The corporate attack on Certificate of Need

The single strongest regulation protecting New York patients — the Certificate of Need process — is under attack! And powerful corporate interests and private hospital chains are hoping no one notices.

In December, the Public Health and Health Planning Committee voted on new regulations that significantly water down our state’s Certificate of Need process. If they get their way:

  • Private hospitals will be able to close units and cut services for “unprofitable” patients – and shift the burden on to our public and community hospitals.
  • For-profit hospital chains will find the door wide open to come in to our state.
  • Communities and patients will be silenced when hospitals want to close services. Nurses will be laid off. Staffing will get worse.
  • Our state’s healthcare divide will get worse. Even more New Yorkers – especially working people, people of color, and people in rural areas – won’t be able to get access to the care they need.

Nurses were at that hearing in December. They tried to speak. The so-called Public Health and Health Planning Committee refused to let us talk – while Healthcare Association of New York State (the employers’ union) praised the deregulation.

But the fight is not over. Far from it.

Any change to Certificate of Need has to be approved by our lawmakers in Albany.

And you can bet they will hearing from nurses like you and me.

A VOICE FOR PATIENTS

I probably don’t need to tell you why Certificate of Need is so important.

It gives patients, nurses, and communities a voice in decisions that could help or hurt patient care.

It’s one of the few tools we have to hold big private hospitals accountable.

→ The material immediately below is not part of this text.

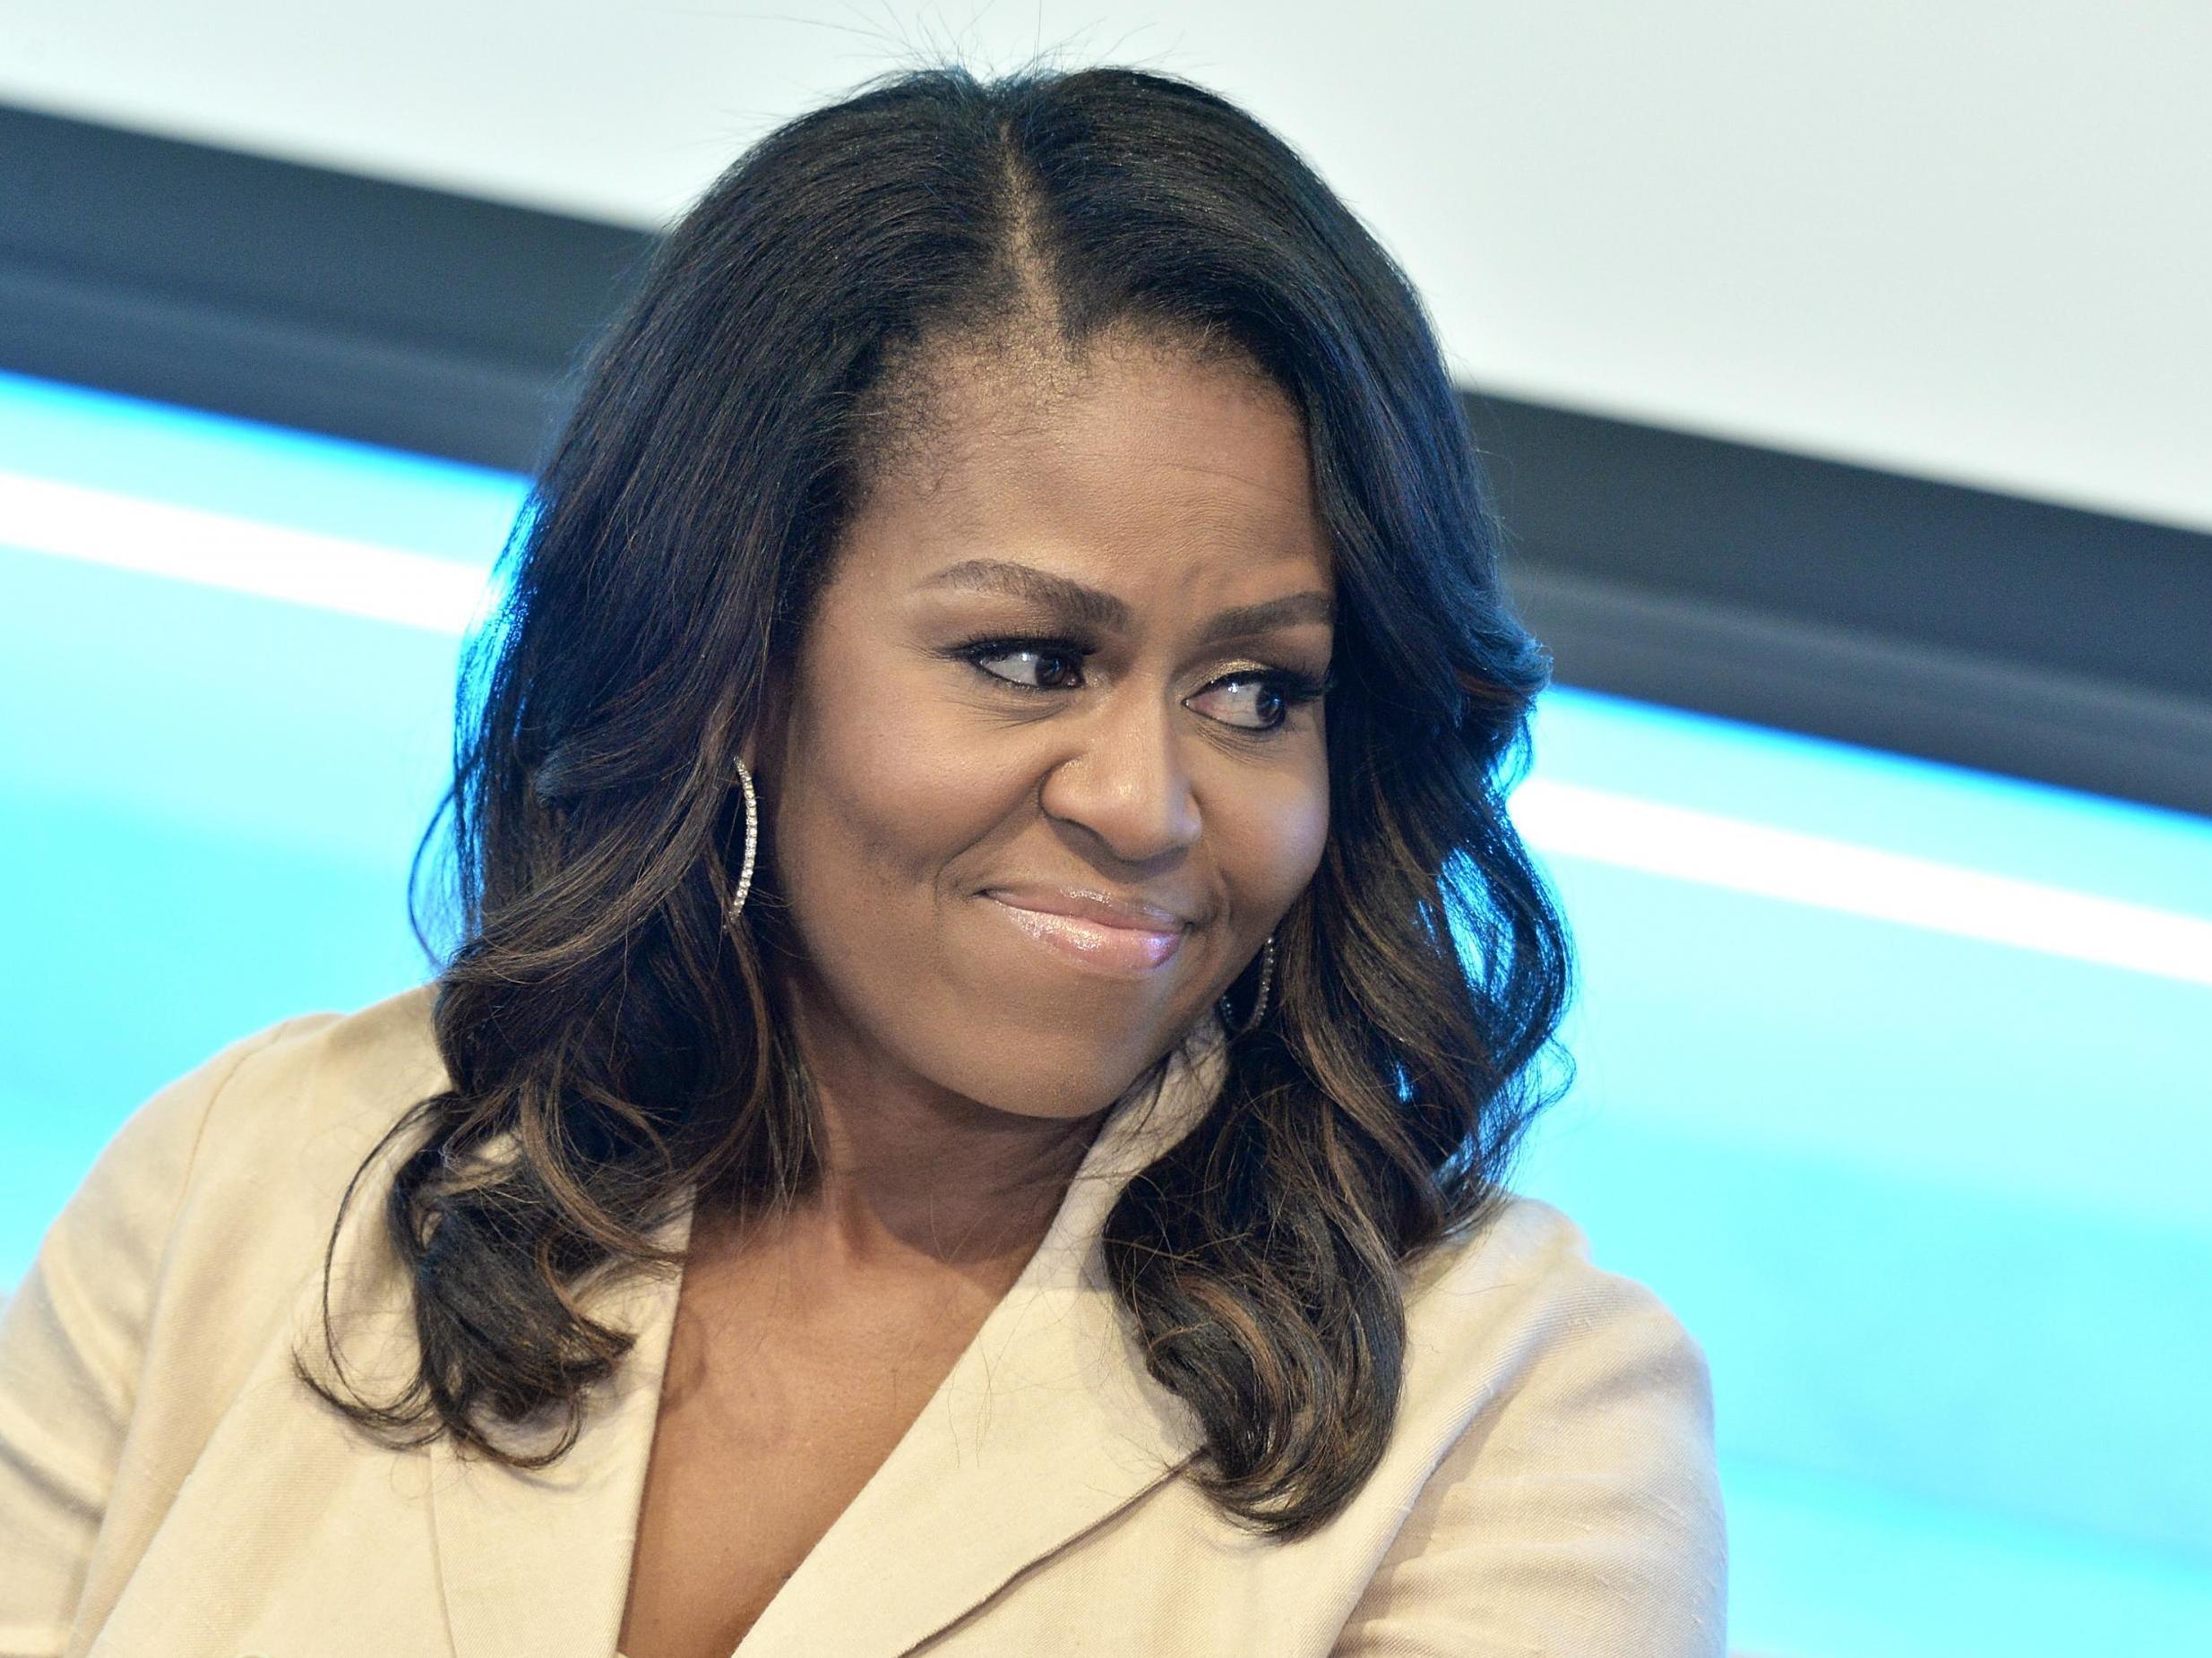 8. Michelle Obama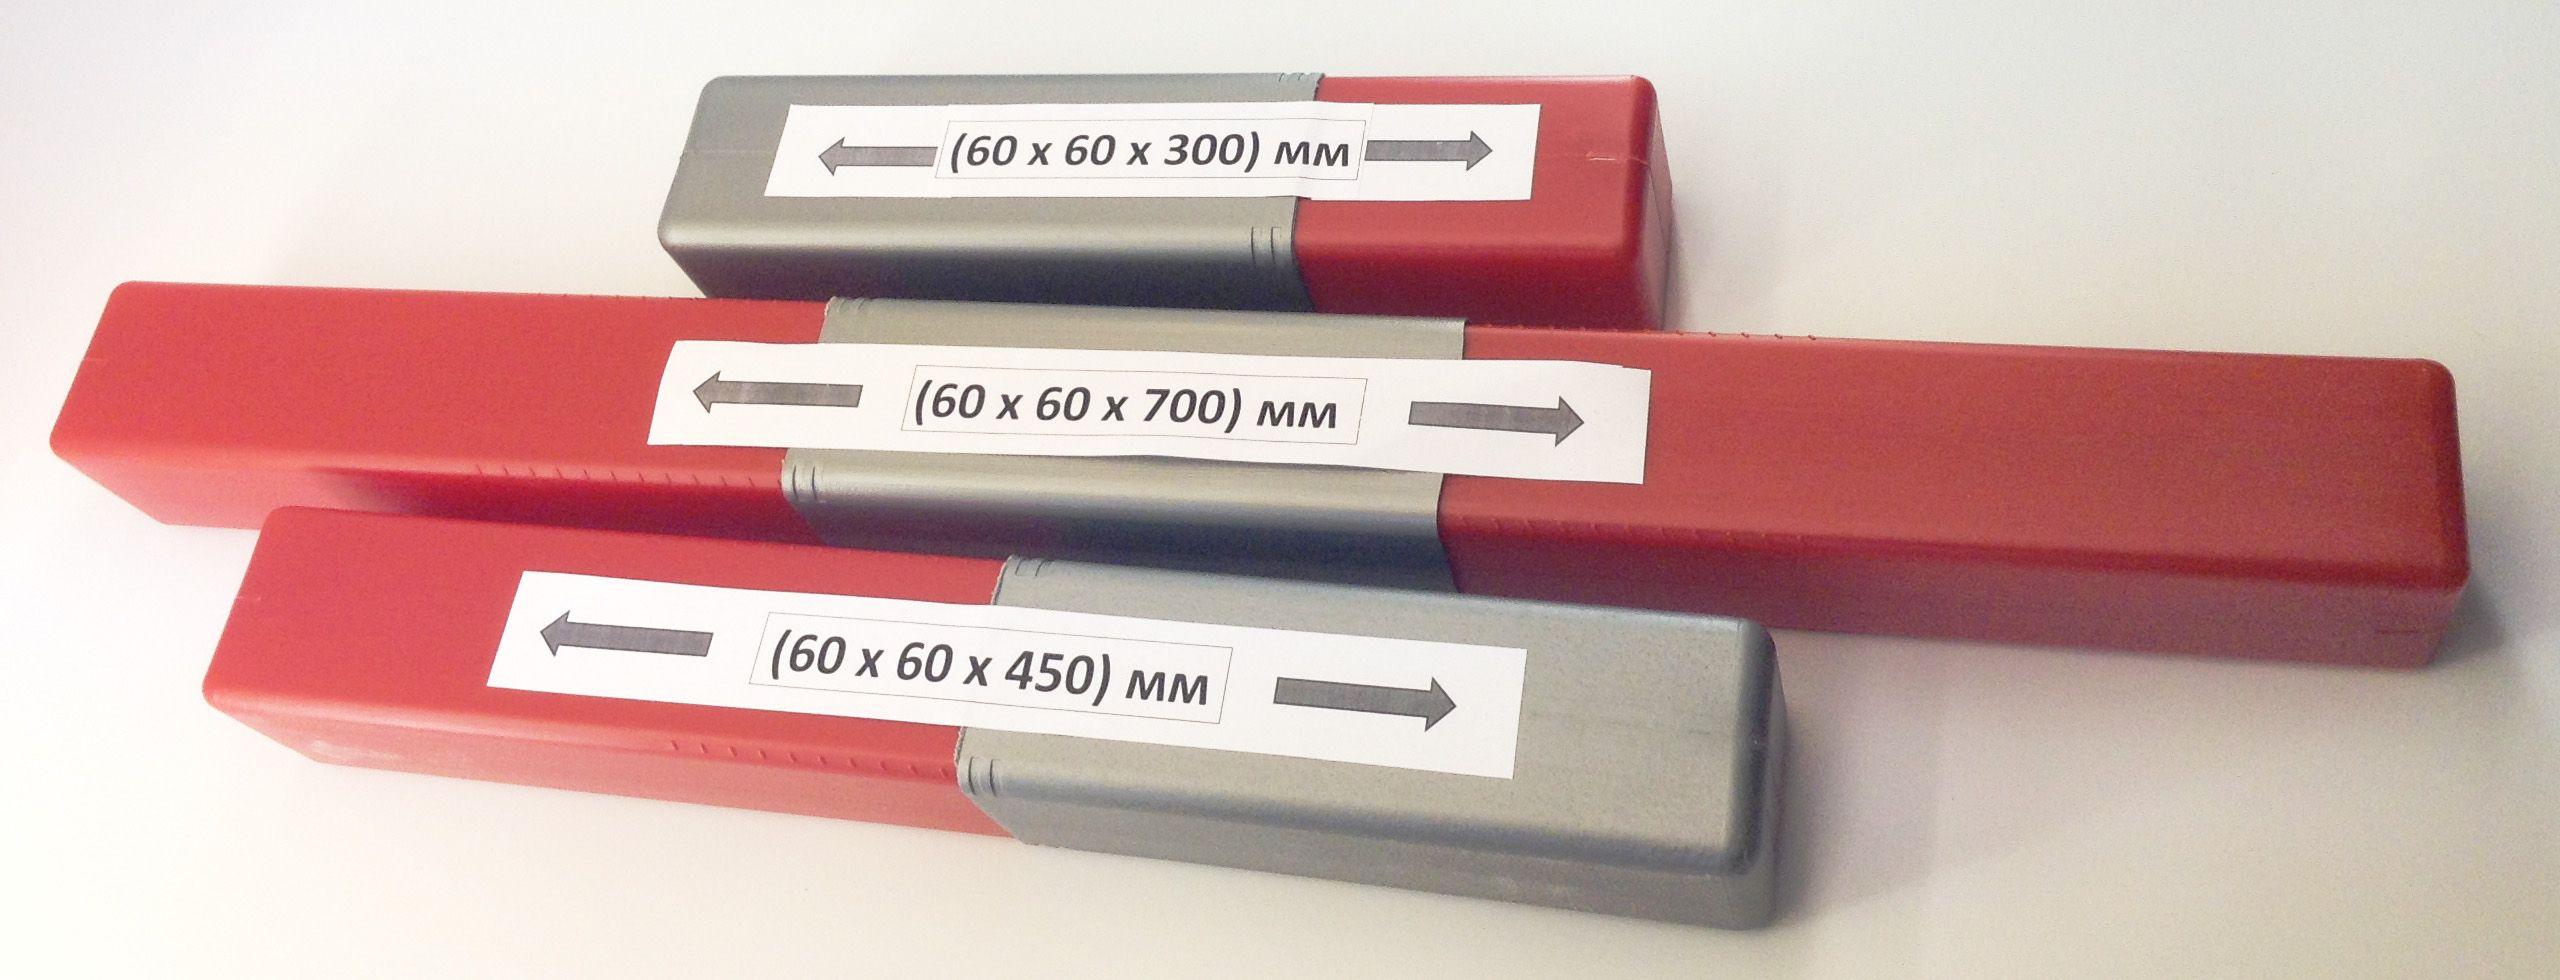 Двух- и трехсекционный пенал для упаковки деталей, изделий

And it’s a critical protection for our public sector hospitals.

No wonder healthcare administrators are so eager to get rid of it or water it down.

They don’t think patients or communities should have a voice. They want to make decisions about which units should close or stay open on their own – based only on the bottom line.

A TASTE OF WHAT’S TO COME

Nurses and patients at St. Luke’s Roosevelt got a taste of what’s to come if Certificate of Need deregulation goes through.

Very quietly, after Hurricane Sandy, administrators at Manhattan’s St. Luke’s Roosevelt Hospital pulled a sneak attack on patient care. They eliminated an unprofitable pediatric unit and merged a detox unit into a separate substance abuse unit.

Those closures should have been subject to Certificate of Need review, but the hospital used the pretext of an emergency to cut services without input from the Harlem community or the state.

Under a weakened Certificate of Need process, that kind of unilateral, unaccountable action will become the norm.

WHAT THE PRIVATE HOSPITALS WANT

Top tier hospitals want to to be able to pick and choose what services they provide – based solely on profit.

They want to poach insured patients from public and community hospitals, and shift unprofitable patients onto our safety net facilities.

We know that’s already been going on for years. If lawmakers take the teeth out of Certificate of Need, the disparities in our healthcare system will get worse – much worse.

Units will close. Nurses will be laid off. Staffing will get worse.

Public hospitals, community hospitals, their patients, and taxpayers will pay the price.

THE FAILED FOR-PROFIT MODEL

It gets worse. If lawmakers deregulate Certificate of Need, they will open the door to for-profit hospital chains. 
These hospital chains have destroyed patient care in other states.

I know first-hand. I spent the last twenty years in California, taking on the for-profit chains like HCA and Tenet. They have shown again and again by their action that they will sacrifice patient care for profit – every time.

But don’t just take my word on it. A recent story in The New York Times said that for-profit giant HCA’s practices include denying emergency room care; questionable and potentially fraudulent billing practices; providing sub-standard specialty care such as dialysis; the overuse of lucrative cardiac procedures and poor nursing staff levels, resulting in pressure ulcers; infections and avoidable deaths.

We can’t let them do that to New York patients.

NURSES WILL BE HEARD

Here’s the good news. Nurses at St. Luke’s Roosevelt are fighting back against the patient care cuts.

They’ve been reaching out to lawmakers, the press, and the public to save their units and save patient care. Thanks to their action, they’ve forced St. Luke’s to reverse course and submit the closure to the Certificate of Need process.

I am confident that New York nurses across our state will follow their lead and fight to save Certificate of Need.

The corporate healthcare giants tried the sneak attack. They tried to silence us. But nurses will be heard.

We are going to take our concerns to Albany. We are going to let our governor and our legislators know how important Certificate of Need is. We are going to fight. I hope you will join me.